The difference between these two approaches is top-down divides complexity of understanding; bottom-up magnifies complexity. Lower levels of abstraction generally shouldn’t know about higher levels of abstraction; trying to do so multiplies the complexity of a lower-level abstraction. But because a high-level abstraction is all-encompassing, the complexity (and mental model) of abstraction is cleaved looking from the top.
In the end, both directions will in arrive at the same level of complexity; the getting there is what makes the difference. I’m not convinced it’s always the best approach, but for a large codebase like the Angular compiler, I’ve found the top-down approach to be significantly easier in making decisions about integrations.
Of course, this is a nuanced conclusion, but I think it’s a generally reasonable guideline for large projects, which experience effects of scale. In a small project, it might be easy to change something in a module, then bubble that changes up through the API and product layer. But this is often difficult in a large project, where a lot of moving pieces make it so that it is often easier to first derive a holistic implementation plan by understanding what role a module plays in the whole product.
In the end, both directions will in arrive at the same level of complexity; the getting there is what makes the difference.
Aside an approach to development, my work on the Angular compiler taught me something about approaching unfamiliar projects. I talk about open-source software projects here, but this is generally applicable to any kind of project.
I think of open-source projects kind of like shoes that a contributor wears. There at least two factors considered when an individual chooses what shoe to wear:
- Style match — whether the shoe has a style suiting the individual.
- Accessibility match — whether the shoe physically fits the individual.
Open-source projects are similar to shoes in these considerations. A contributor wants to be interested in a project and help develop it, and also has to find a development of the project accessible — that is, a contributor prefers projects that are easier to ramp up on and have a network of resources.
Contributing is difficult. It’s difficult to look at something one knows nothing about, figure out how it works, and then augment it to do something different or new. Given enough time, this can always be done, but no one ever has enough time. So for a contributor considering investing effort in a project, the decision often comes down to a consideration of the project’s style and accessibility match.

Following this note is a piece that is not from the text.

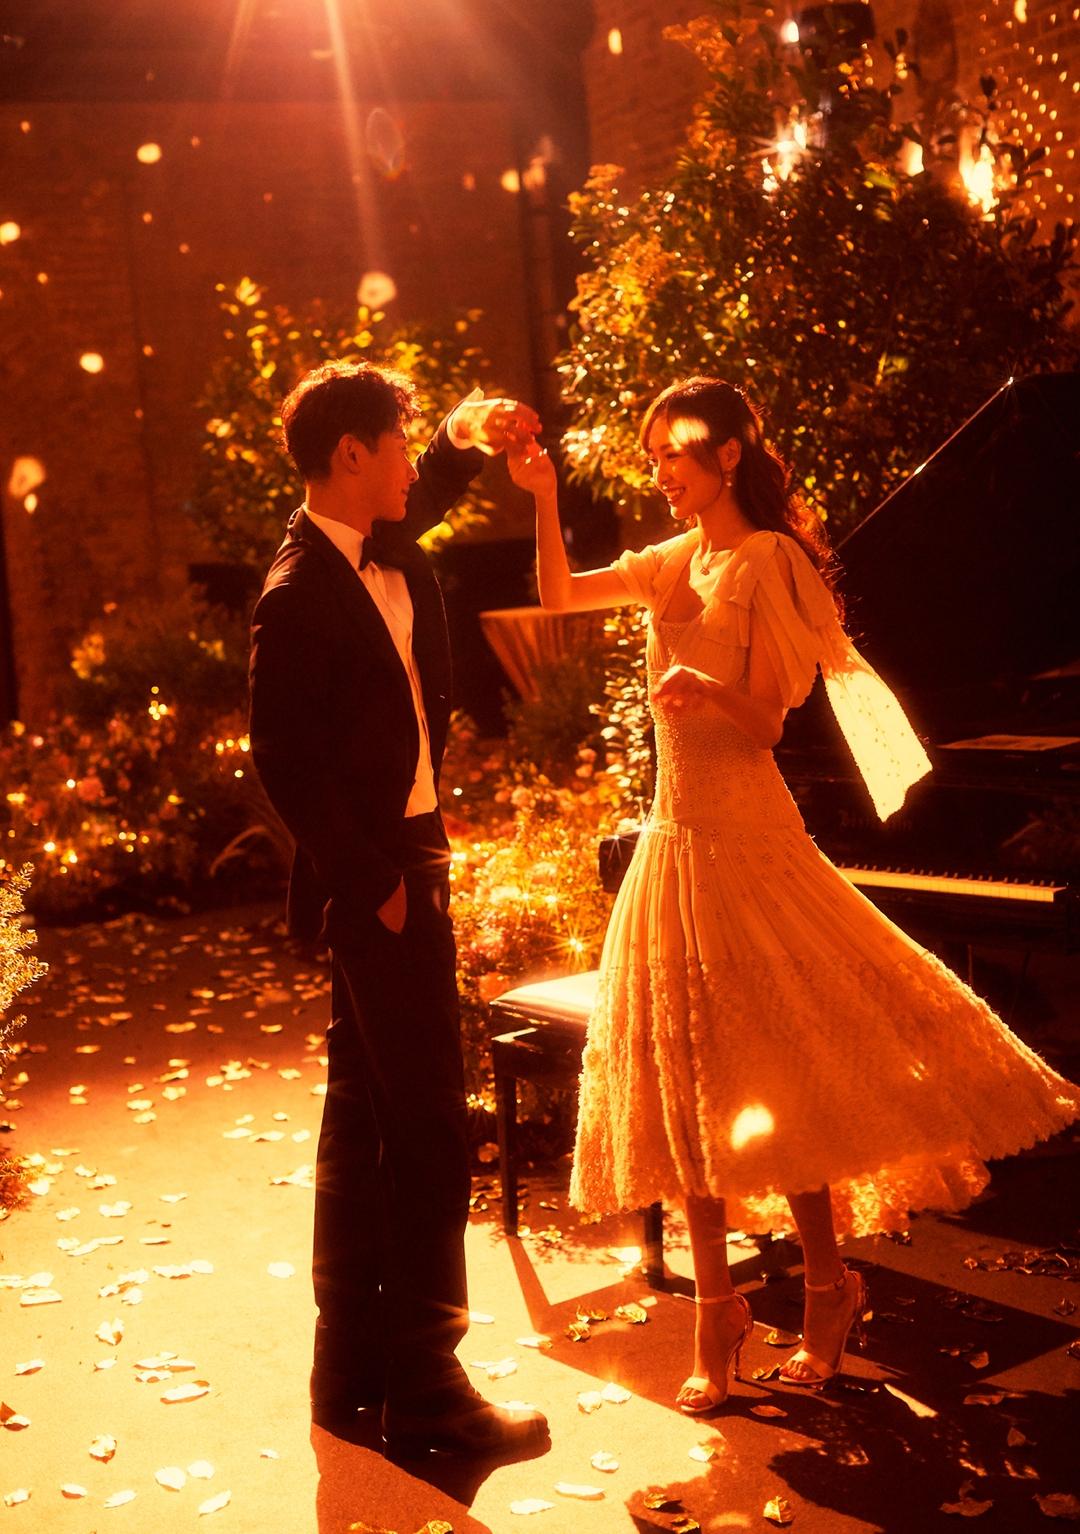 罗晋带伴郎团接新娘唐嫣,现场氛围热闹,两人互相深情表白太暖了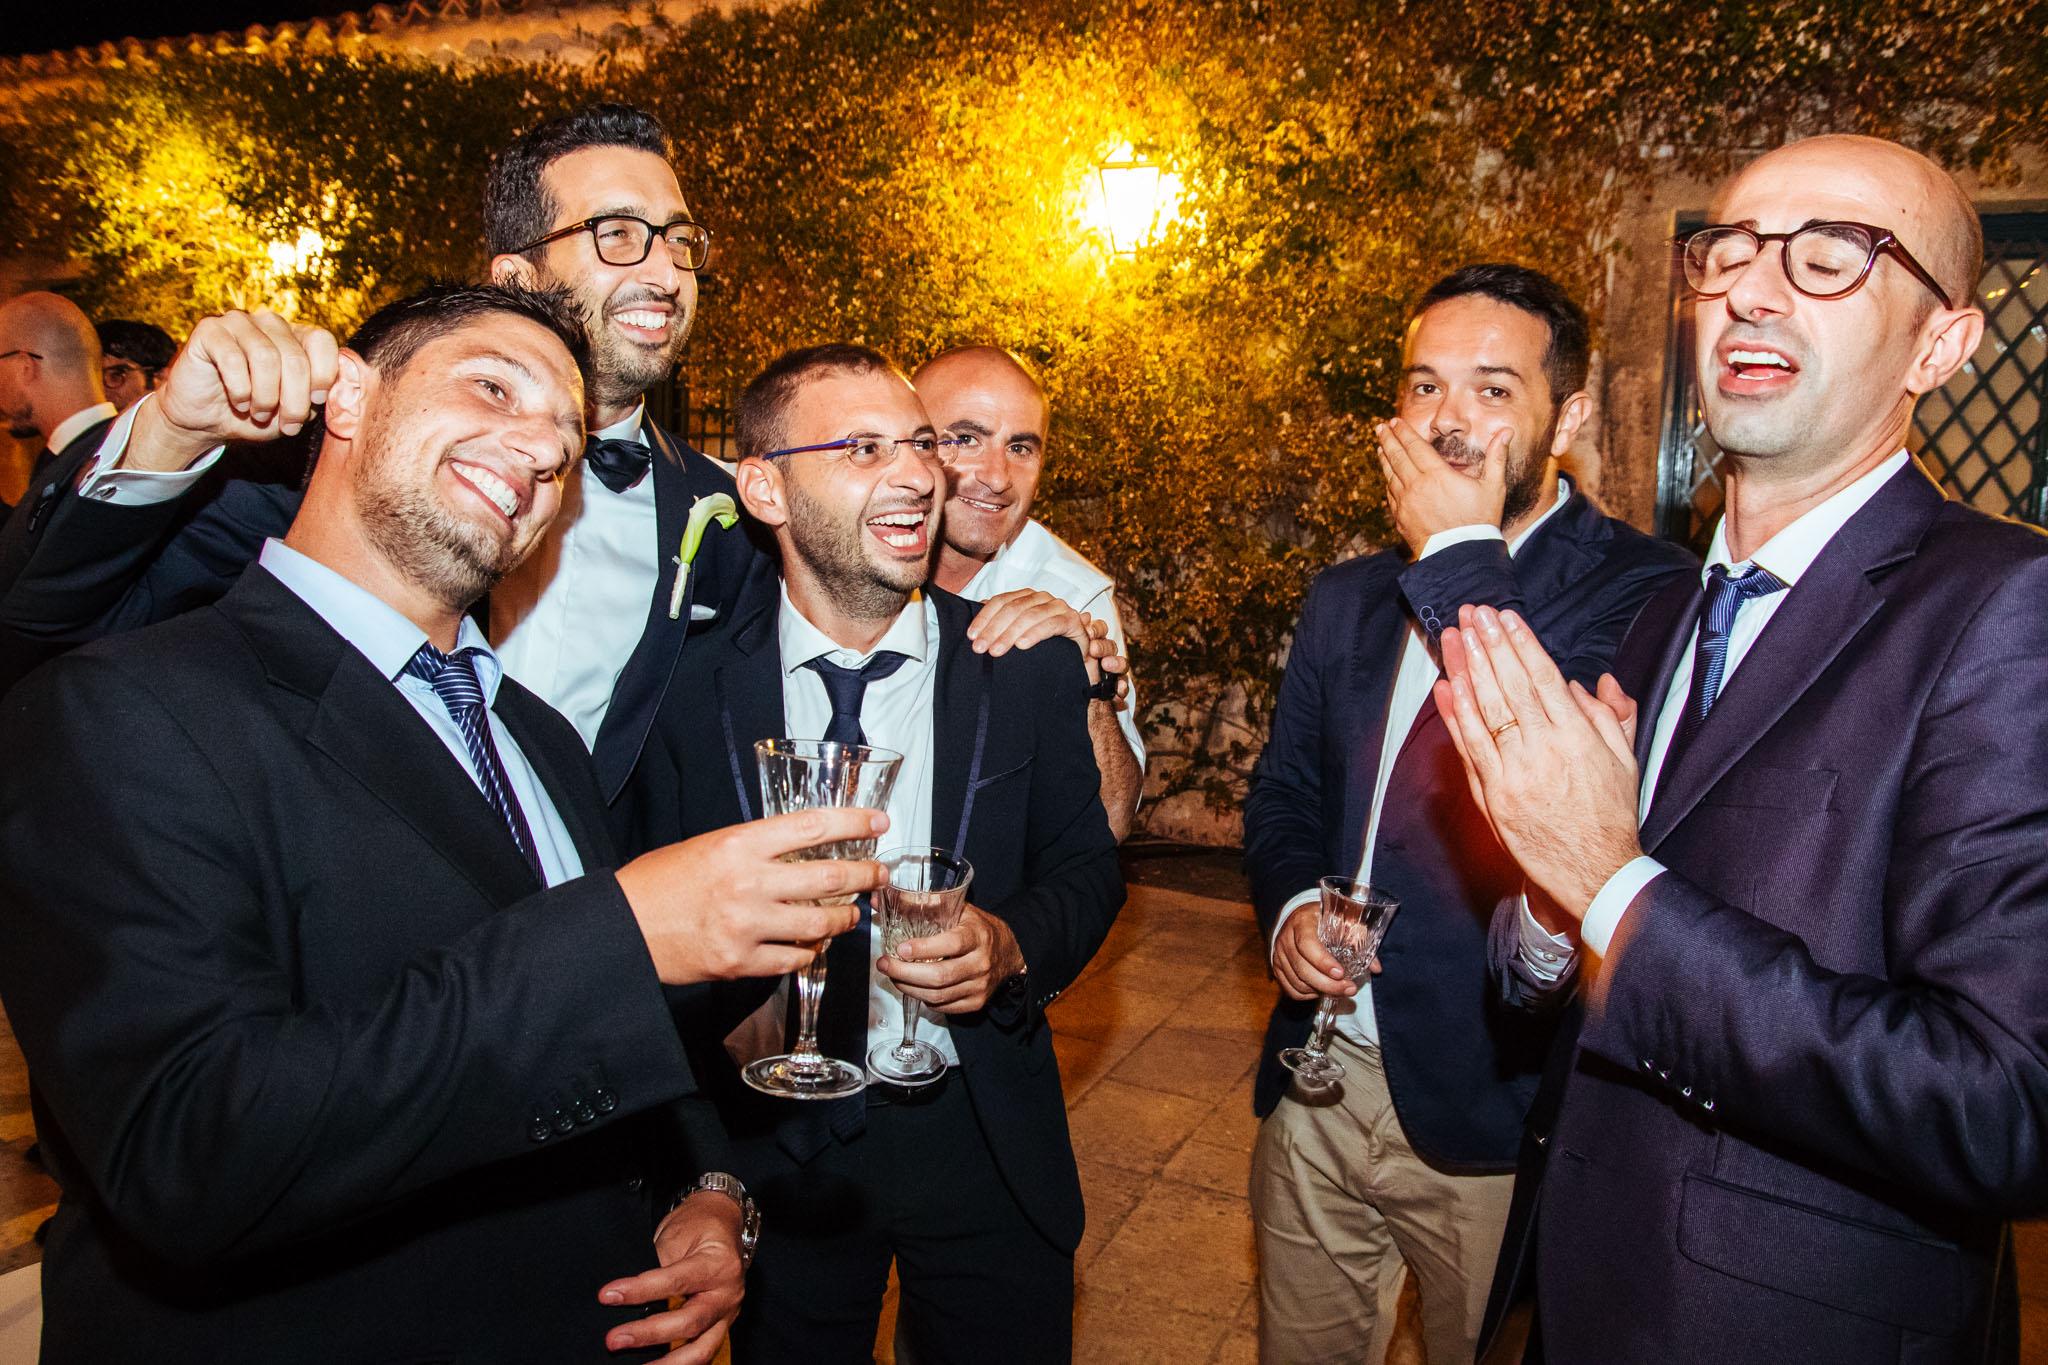 wedding-in-SYRACUSE-55.jpg

I have thought about how to make projects more accessible to others; there are many who have studied this question more and have much better answers than I do, but perhaps one of the most important answers is developer documentation. Great code comments and written documentation describing project implementations make it much easier for a contributor to begin creating a mental model. This is even more valuable than having a code author by the contributor’s side because authors forget or leave to do other things, but documentation stays forever.
The other thing is for me, at least in some sense, contributing is a skill. Over time, my perception of contribution has lost its sense of inherent difficulty and intimidation. I now find it relatively easy to open up another open-source project and hack on it to do something I want it to do. Alongside being a consequence of my improvement as an engineer, I think this is a result of some intuition for the contribution I’ve built up. It’s difficult to explain what exactly there is to it, but like riding a bicycle, it’s just there and it’s difficult to forget.
For me, this intuition is great because while it still may be challenging to enter a new community or introduce a large change, having some general knowledge of where to start in doing these kinds of things goes a long way towards improving confidence in one’s contributions. This is the most important thing because contributors should be valued.
Those are some of my experiences and thoughts, anyway. I hope they can provide a perspective.